Customer Loyalty Analysis - Interactive Visual Guide

Customer Loyalty Analysis

Predictive Modelling for Enhanced Customer Engagement

Project Scenario

A comprehensive data science project for a retail consumer goods company seeking to understand customer behaviour and enhance loyalty through predictive modelling. The analysis explores relationships between loyalty and key factors including perceived product quality, brand awareness, and negative publicity impact.

Complete Analysis Process

1

Data Import & Setup

Import necessary libraries (pandas, matplotlib, seaborn, scikit-learn) and load the customer loyalty dataset from the provided URL.

import pandas as pd
import matplotlib.pyplot as plt
from sklearn.model_selection import train_test_split
from sklearn.linear_model import LinearRegression
2

Data Exploration

Explore data structure, descriptive statistics, and visualise distributions through histograms and scatter plots to understand variable relationships.

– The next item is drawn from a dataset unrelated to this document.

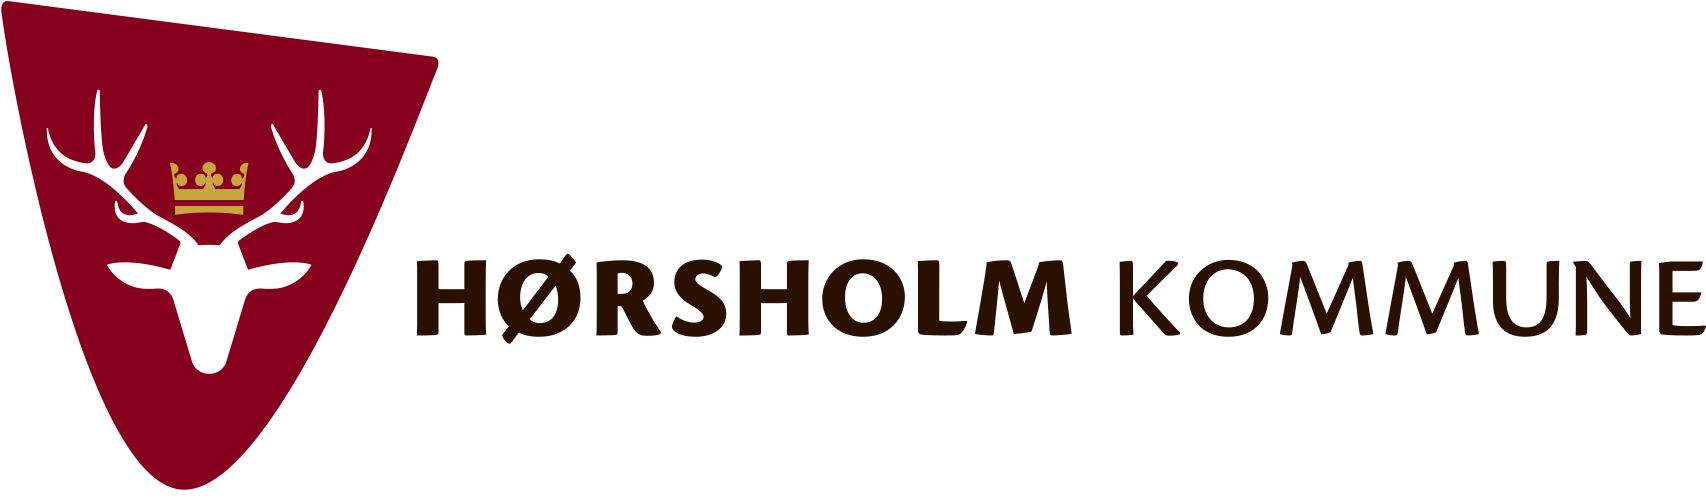 horsholmkommune_logo_

data.describe(include="all")
plt.hist(data['Quality'], bins=10)
plt.scatter(data['Quality'], data['Loyalty'])
3

Feature Selection

Define target variable (Loyalty) and feature variables (Quality, Brand awareness, Negative publicity). Check data suitability for regression modelling.

y = data['Loyalty']
X = data[['Quality', 'Brand awareness', 'Negative publicity']]
4

Model Development

Create linear regression models using scikit-learn, split data into training and testing sets, and train the model to predict loyalty.

X_train, X_test, y_train, y_test = train_test_split(X, y, test_size=0.2)
model = LinearRegression()
model.fit(X_train, y_train)
5

Model Evaluation

Calculate R², Adjusted R², and Residual Sum of Squares (RSS) to assess model performance and explanatory power.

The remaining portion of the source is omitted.